Device microfabrication

To make a dual-gate device, the grown films need to be transferred from the sapphire substrate to a Si/SiO₂ wafer, which serves as a back-gate electrode and dielectric (SiO₂ is 150-nm thick). The separation of a BST film from the substrate was done by first spin-coating the film with PPMA and then dipping into 5% KOH aqueous solution to initiate the detachment. The full detachment was done by slowly dipping the film into distilled water. The detached BST/PMMA bilayer was fished out on the Si/SiO₂ wafer, dried at room temperature, treated with acetone to remove PMMA, and annealed at 120 °C for several hours under vacuum conditions to remove residual water. To pattern the BST film into a Hall bar, we employed photolithography. Exposed parts of the film were etched out in HCl/H₂O₂/CH₃COOH aqueous solution. As the top-gate dielectric, 200-nm-thick SiN _x layer was deposited by using hot-wire CVD at temperatures below 80 °C. The top-gate electrode and metal contact pads were made by Ti/Au deposition.

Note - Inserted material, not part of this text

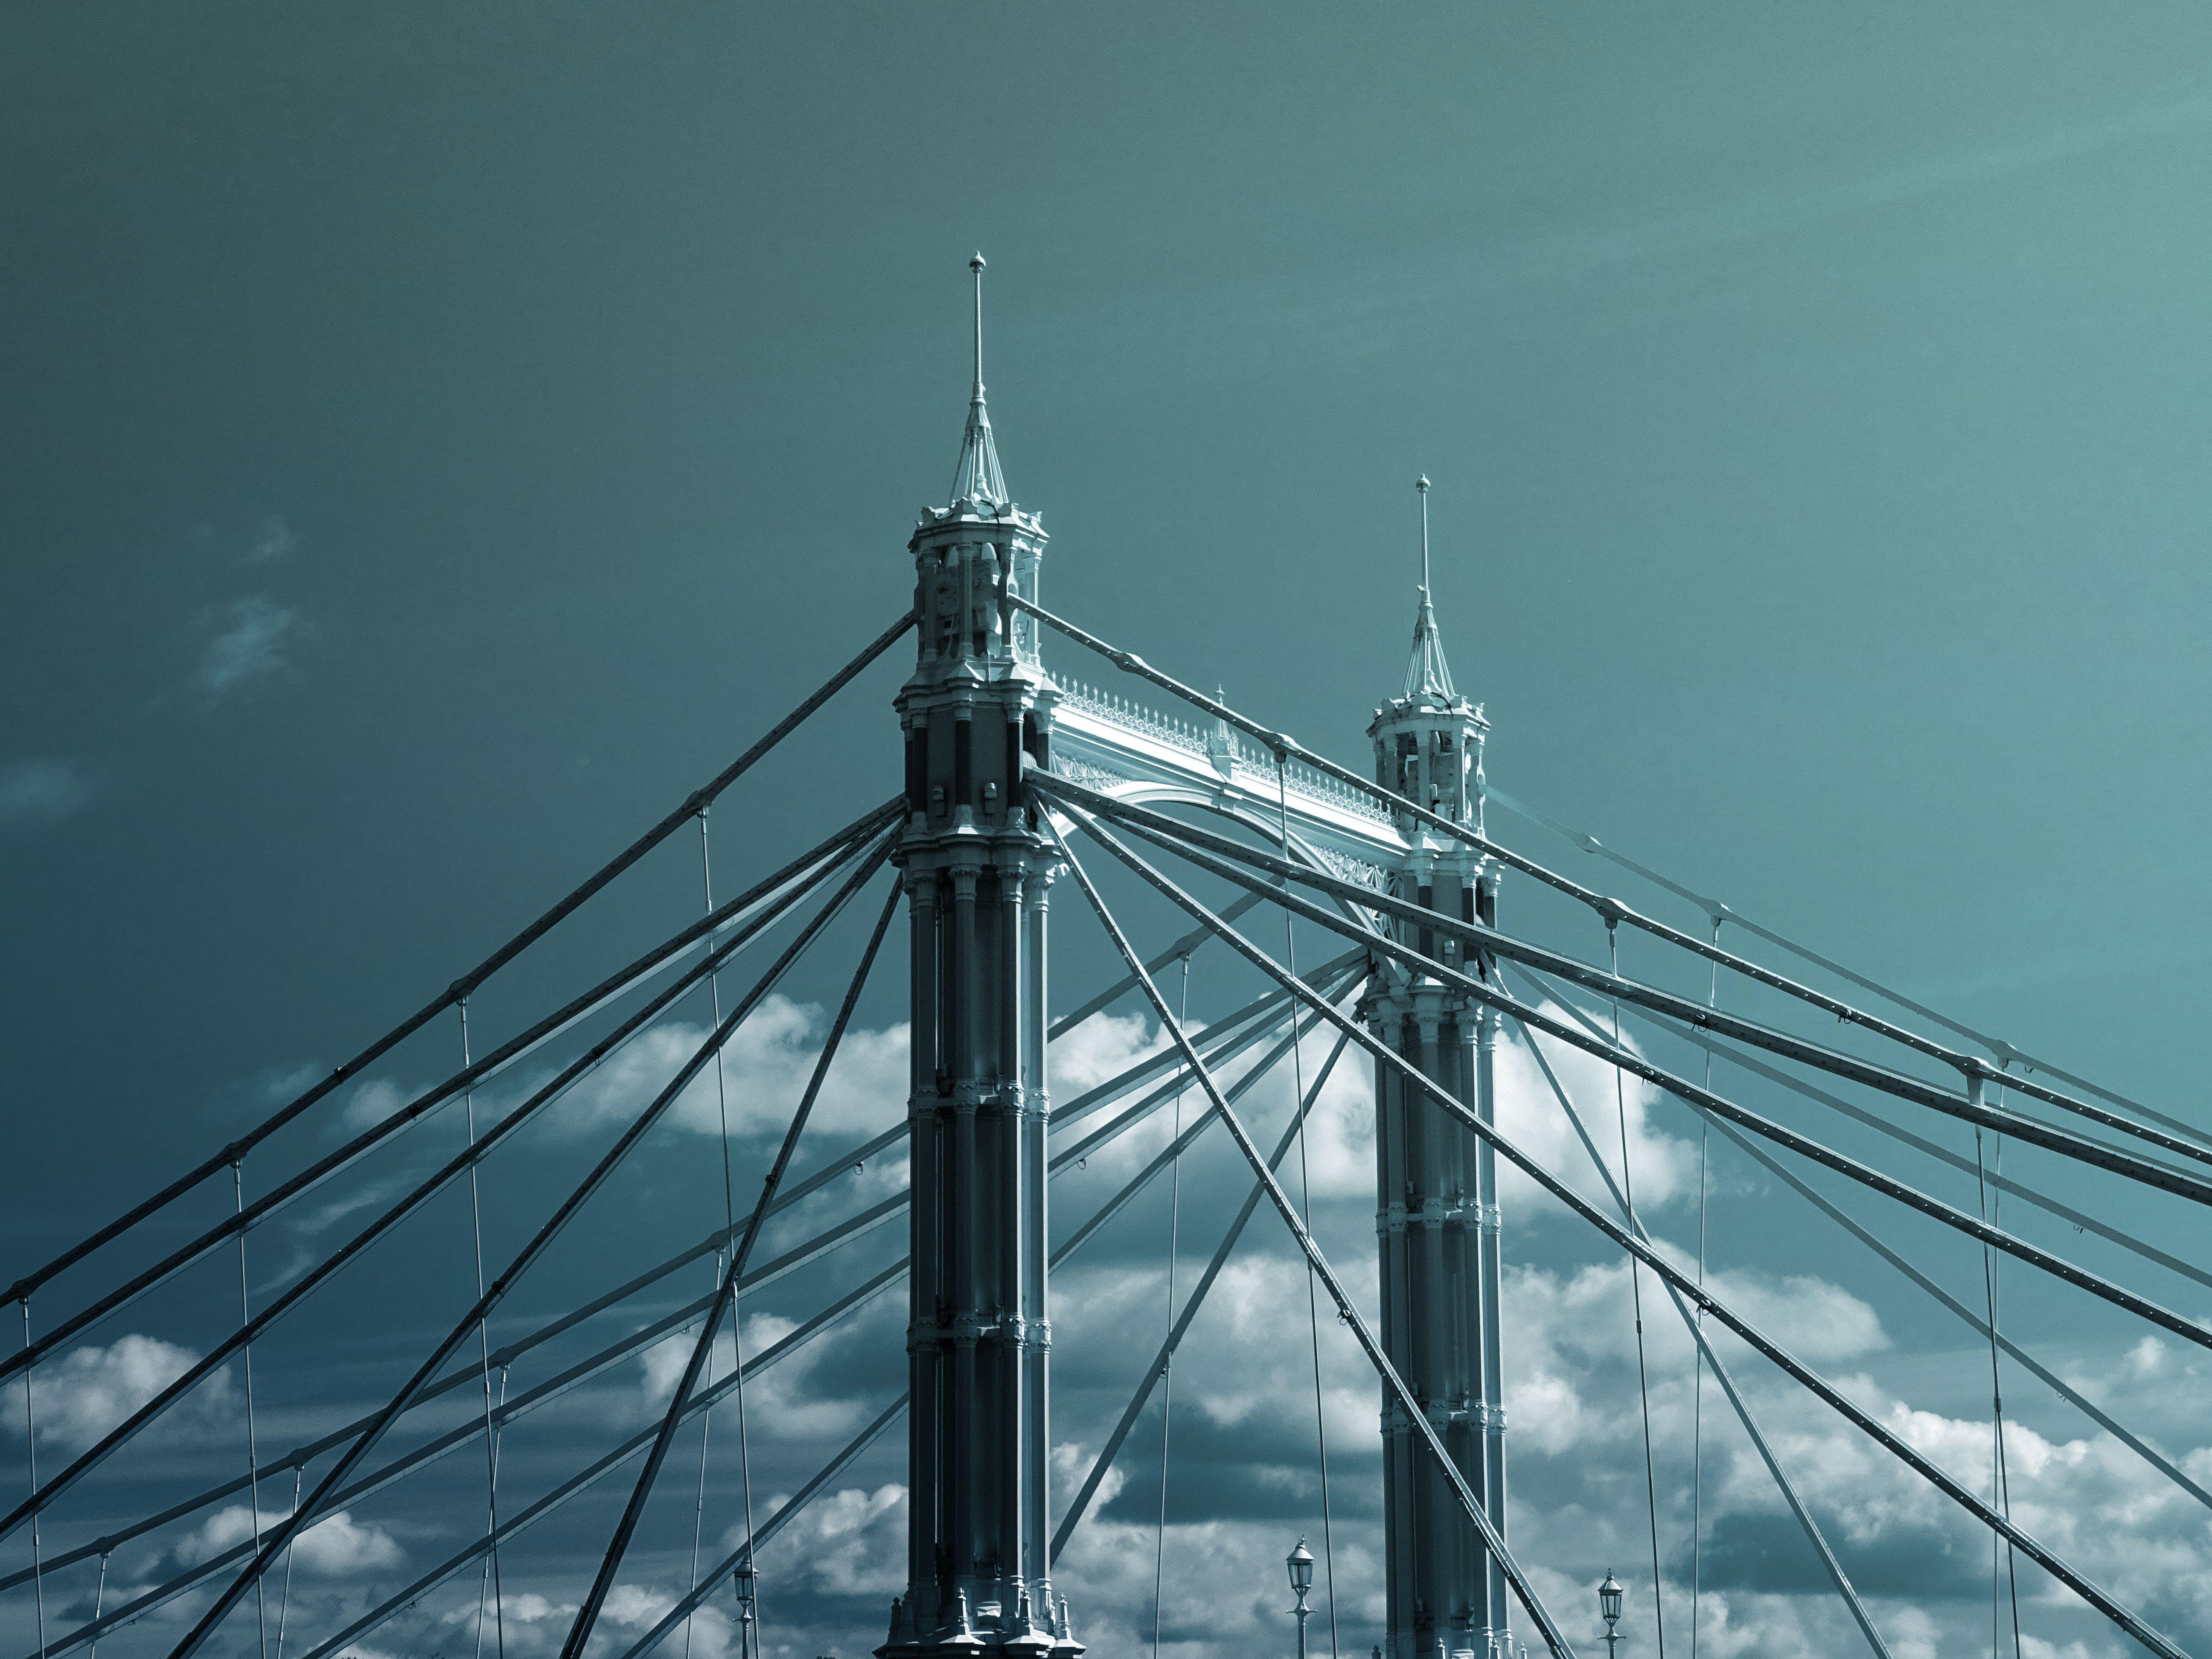 Gratis arkivbilde med arkitektur, bro, by, bygning

Magneto-resistivity measurements

Both AC and DC techniques were employed for resistivity and Hall-effect measurements. The top- and bottom-gate voltages were controlled by two independent Keithley 2450 source meters. A single-axis rotation probe with a capability of mounting the sample horizontally or vertically was used for both out-of-plane and in-plane rotations in magnetic fields. Special care has been taken to isolate the genuine in-plane magnetic-field effects from spurious contributions due to a possible misalignment of the sample (see Supplementary Notes 3 and 4 for details).

Theoretical calculations

A self-consistent T-matrix approach was employed to calculate the self-energy of the Dirac electrons. The Kubo formula was used to calculate the conductivity within this approximation, including the appropriate vertex corrections (see Supplementary Notes 8 and 9 for details).

Data availability

The data that support the findings of this study are available from the corresponding author upon request.